What you said about your H sounds like what I used to say/think about mine...about being SOOO faithful and telling you that 'everything I want is here with you'...really hard to believe in that after they go and screw around, I know. I am sorry he has put you and your kids through this...I hope he is able to GROW UP and see how stupid he is.

I appreciate what you said, Trent, about reasons for the A - my H contends he doesn't know. I believe him. He is so afraid of opening up to himself, me, C or anyone and because he cannot get it straight in his own head and I am realizing it may never be resolved for me (to my satisfaction). This is where trust must come into play, not only trust of my H (which in itself will take a long time to be somewhat restored), but also trust of myself and our marriage, but most of all my renewed trust in God.
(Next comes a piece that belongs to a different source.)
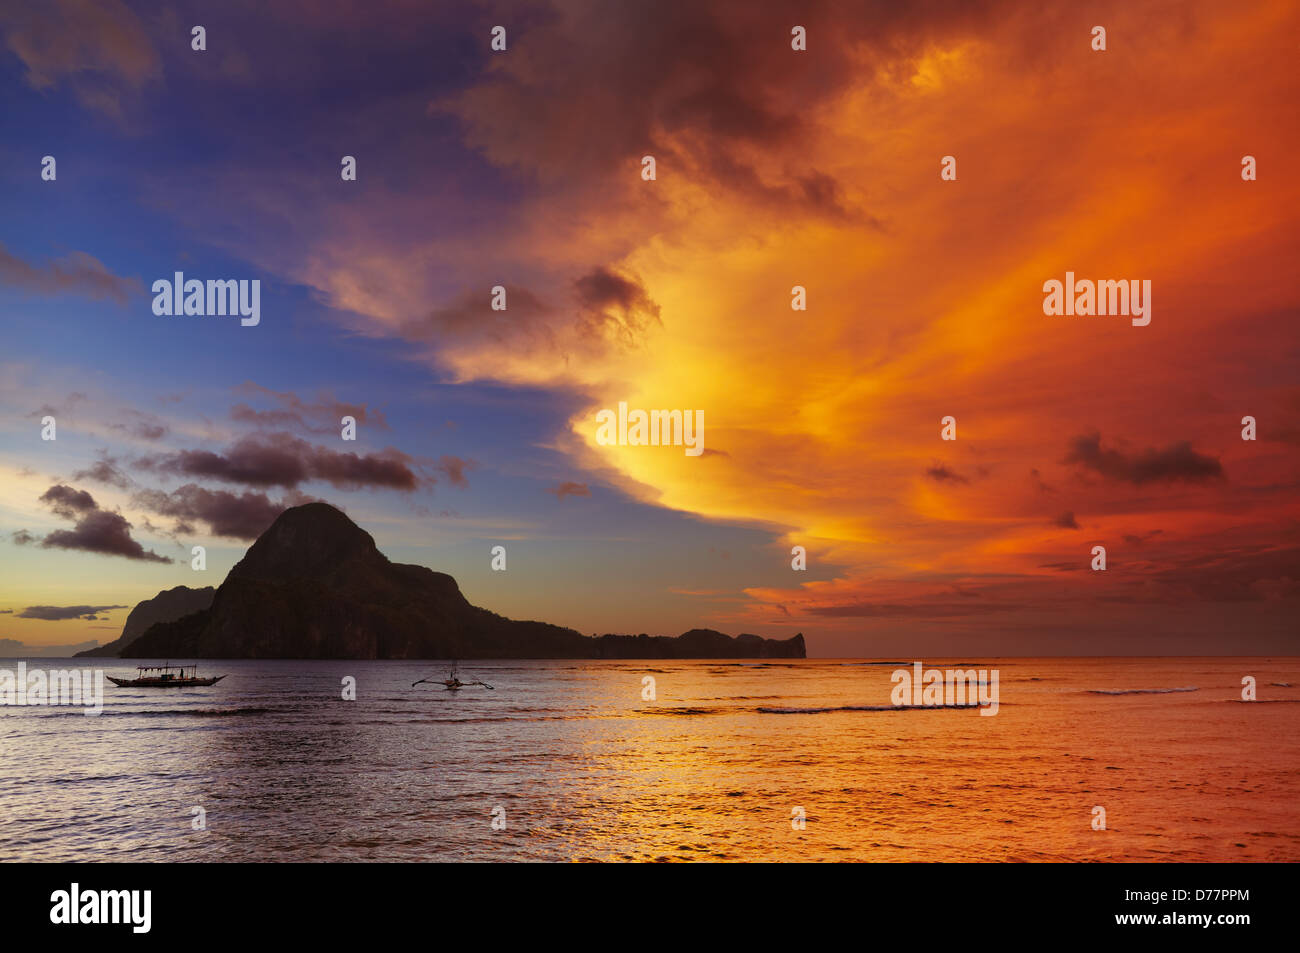 El Nido bay and Cadlao island at sunset, Palawan, Philippines Stock Photo
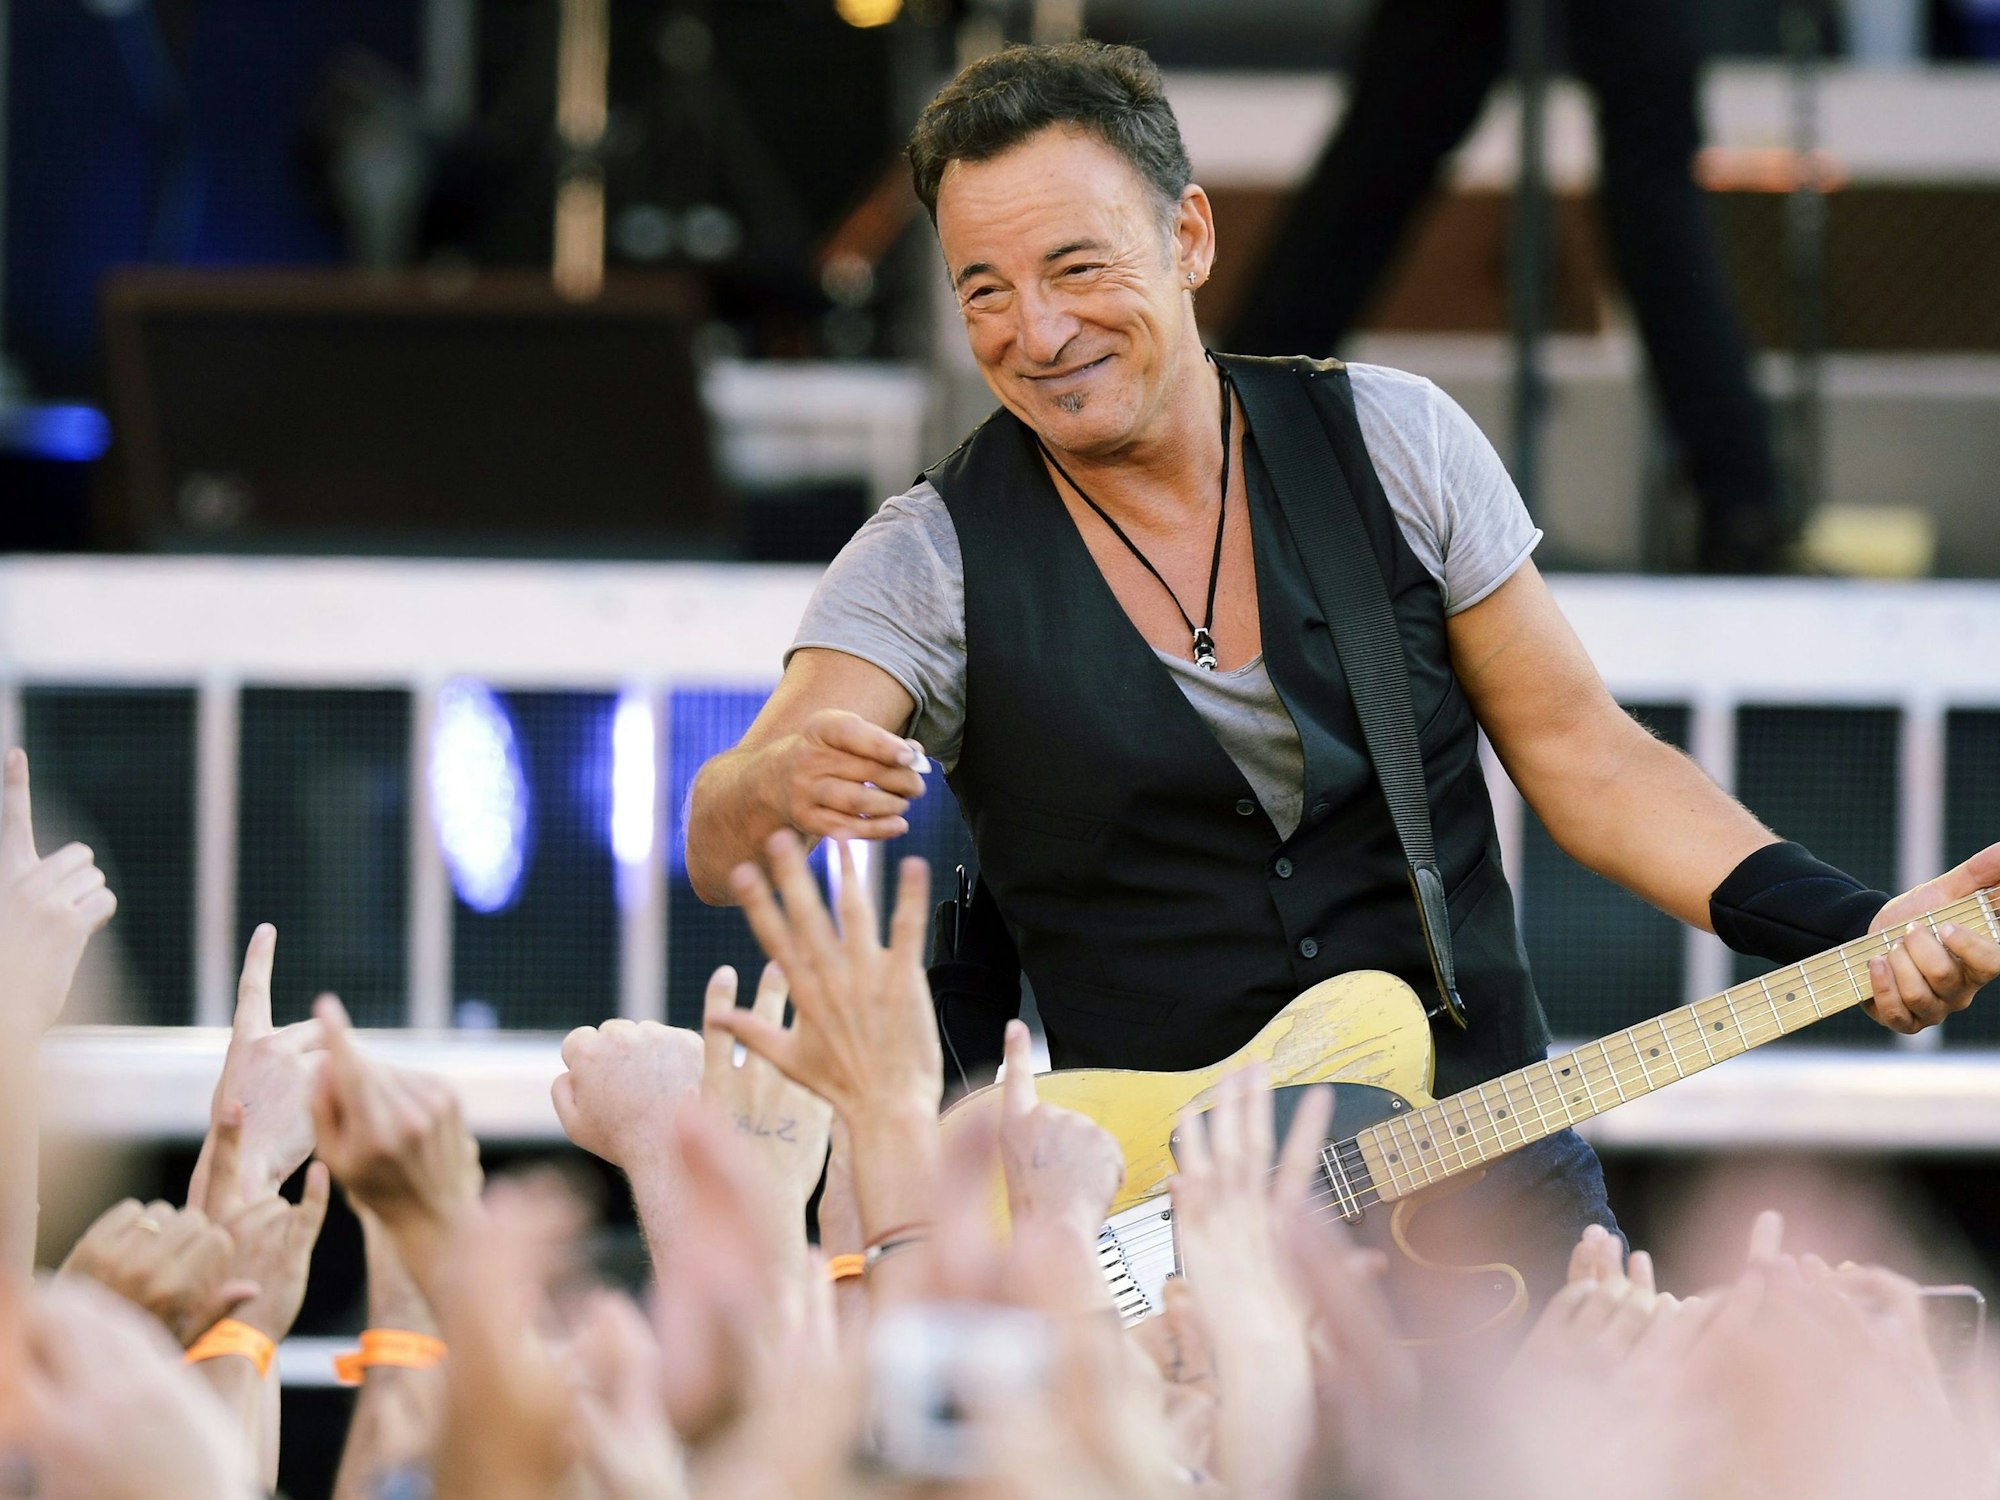 Bruce Springsteen lacht bei einem Konzert in der Schweiz ins Publikum

There is NO excuse for an affair; I think we can all agree with this. As far as simply being a reject, well I refuse to believe that I or any other hurt spouse out there is a 'reject' because after all, our spouses married us and they were not forced to do so. It is only through their own inadequacies that they 'reject' us, which is actually a rejection of themselves (which is what you were saying Phyllis) ...but in turn, we-the spouses and families-feel the brunt of their 'rejection' of themselves.

Sucks...huh. But I sometimes wonder who has it harder, of my H and I...see, I am able to look inside myself and see ME and understand, for the most part, what makes me tick-and WHO I am...he cannot, he hides from himself and refuses (at least for now) to open up. It must be terribly frightening for him, for anyone, not to be able to really look and SEE themselves.